8-K

UNITED STATES

SECURITIES AND EXCHANGE COMMISSION

Washington, D.C. 20549

 

 

FORM 8-K

 

 

CURRENT REPORT

Pursuant to Section 13 or 15(d) of the

Securities Exchange Act of 1934

Date of Report (Date of earliest event reported): October 16, 2018

 

 

MONDELĒZ INTERNATIONAL, INC.

(Exact name of registrant as specified in its charter)

 

 

 

Virginia   1-16483   52-2284372

(State or other jurisdiction

of incorporation)

  (Commission File Number)  

(I.R.S. Employer

Identification No.)

Three Parkway North, Deerfield, Illinois 60015

(Address of principal executive offices, including zip code)

(847) 943-4000

(Registrant’s telephone number, including area code)

Not Applicable

(Former name or former address, if changed since last report.)

 

 

Check the appropriate box below if the Form 8-K filing is intended to simultaneously satisfy the filing obligation of the registrant under any of the following provisions (see General Instruction A.2. below):

 

Written communications pursuant to Rule 425 under the Securities Act (17 CFR 230.425)

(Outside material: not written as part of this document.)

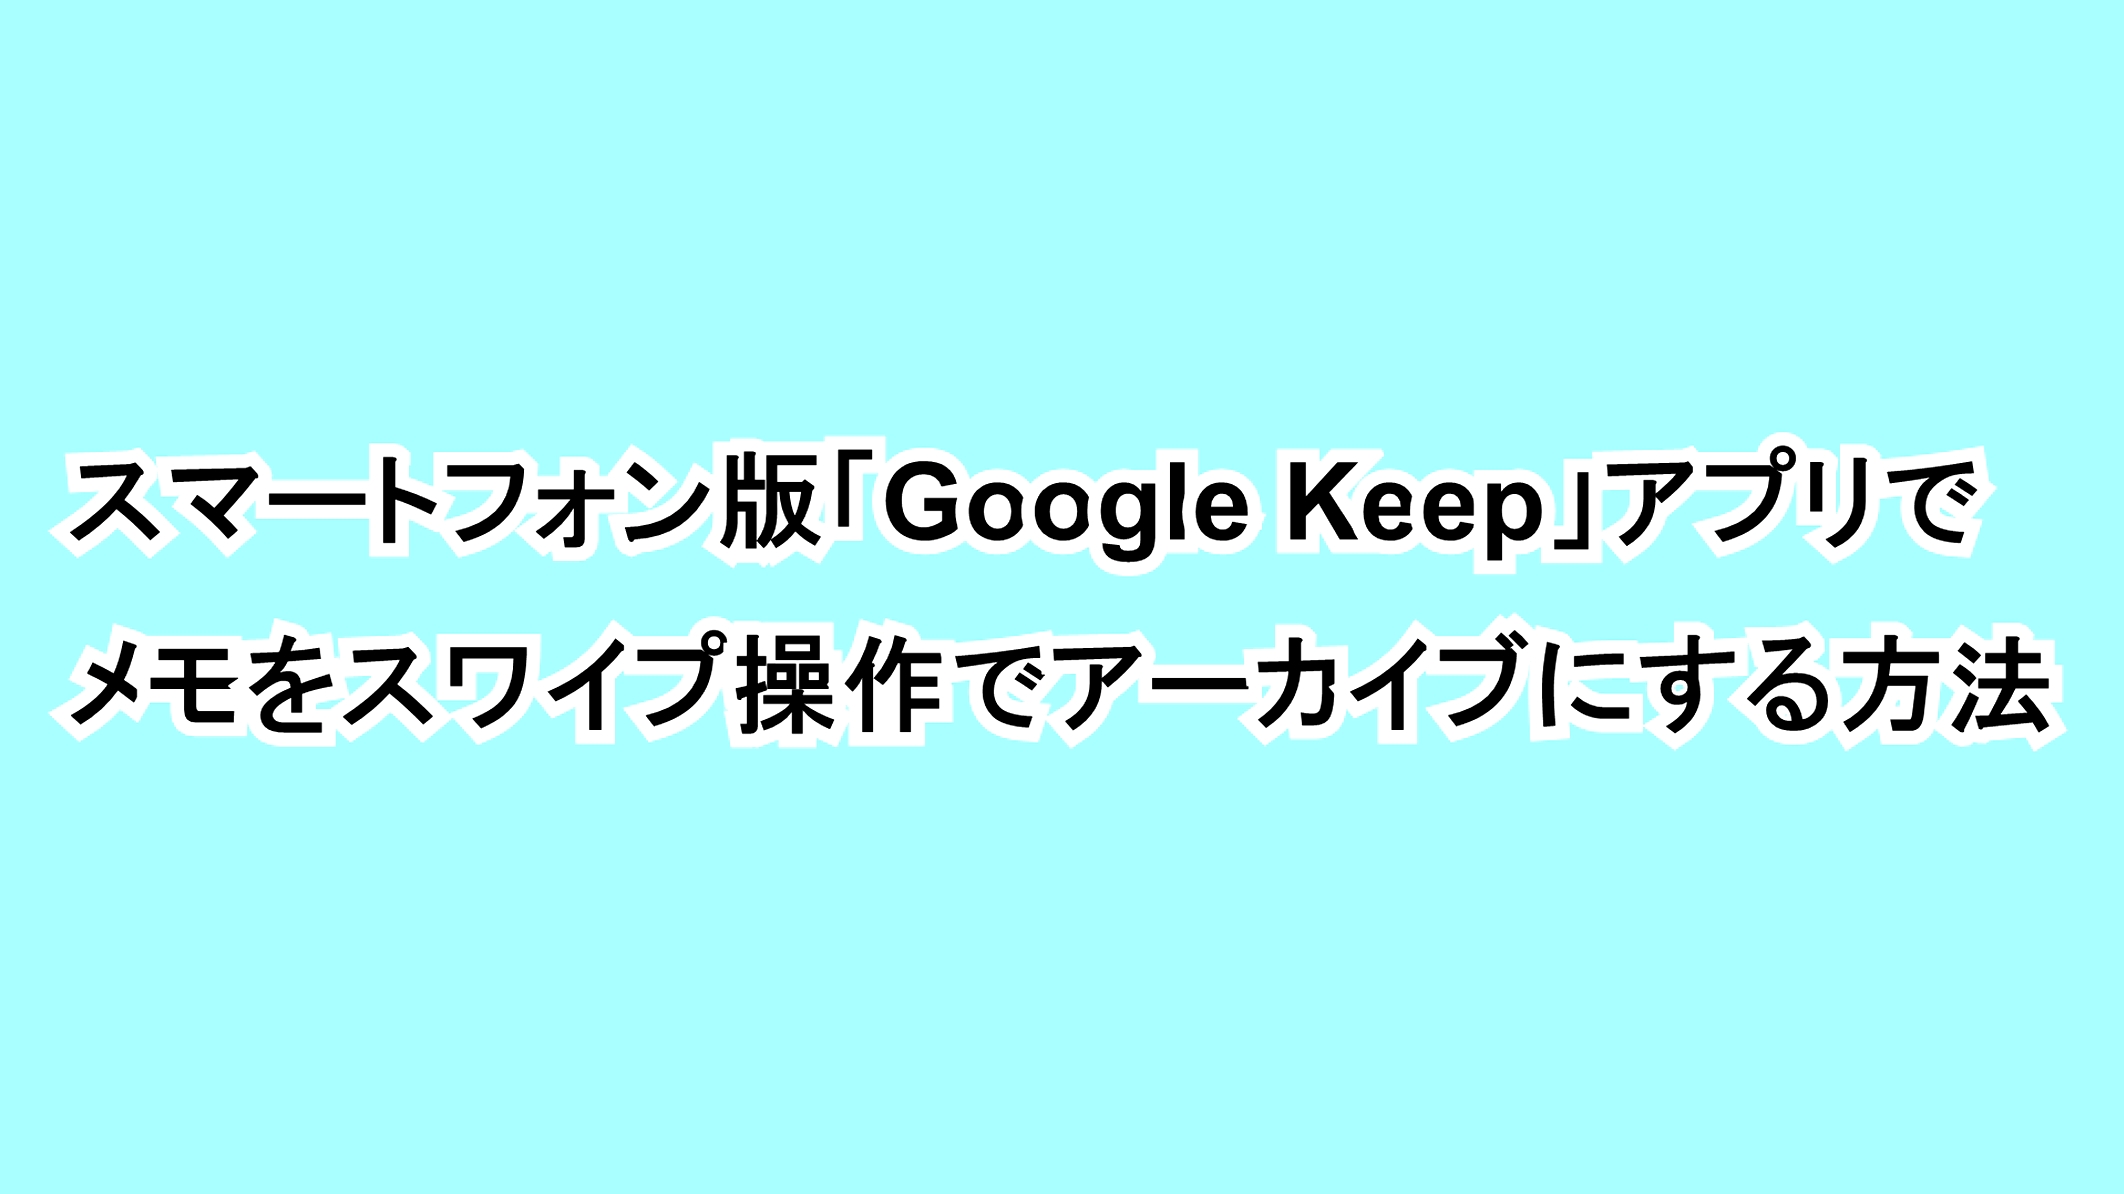 スマートフォン版「Google Keep」アプリでメモをスワイプ操作でアーカイブにする方法

Soliciting material pursuant to Rule 14a-12 under the Exchange Act (17 CFR 240.14a-12)

Pre-commencement communications pursuant to Rule 14d-2(b) under the Exchange Act (17 CFR 240.14d-2(b))

Pre-commencement communications pursuant to Rule 13e-4(c) under the Exchange Act (17 CFR 240.13e-4(c))

Indicate by check mark whether the registrant is an emerging growth company as defined in Rule 405 of the Securities Act of 1933 (17 CFR §230.405) or Rule 12b-2 of the Securities Exchange Act of 1934 (17 CFR §240.12b-2).

    Emerging growth company    ☐

If an emerging growth company, indicate by check mark if the registrant has elected not to use the extended transition period for complying with any new or revised financial accounting standards provided pursuant to Section 13(a) of the Exchange Act.    ☐

 

 


Item 7.01. Regulation FD Disclosure.

Change to our Historical Financial Results in connection with Keurig Green Mountain, Inc.’s Merger with Dr Pepper Snapple Group, Inc.

Mondelēz International, Inc. and subsidiaries (collectively, “we,” “our” or “Mondelēz International”) are furnishing this current report to provide supplemental financial information related to the retrospective impact on our financial statements due to a change in accounting principle following the July 9, 2018 closing of the merger of Keurig Green Mountain, Inc. (“Keurig”) with Dr Pepper Snapple Group, Inc. (“DPSG”).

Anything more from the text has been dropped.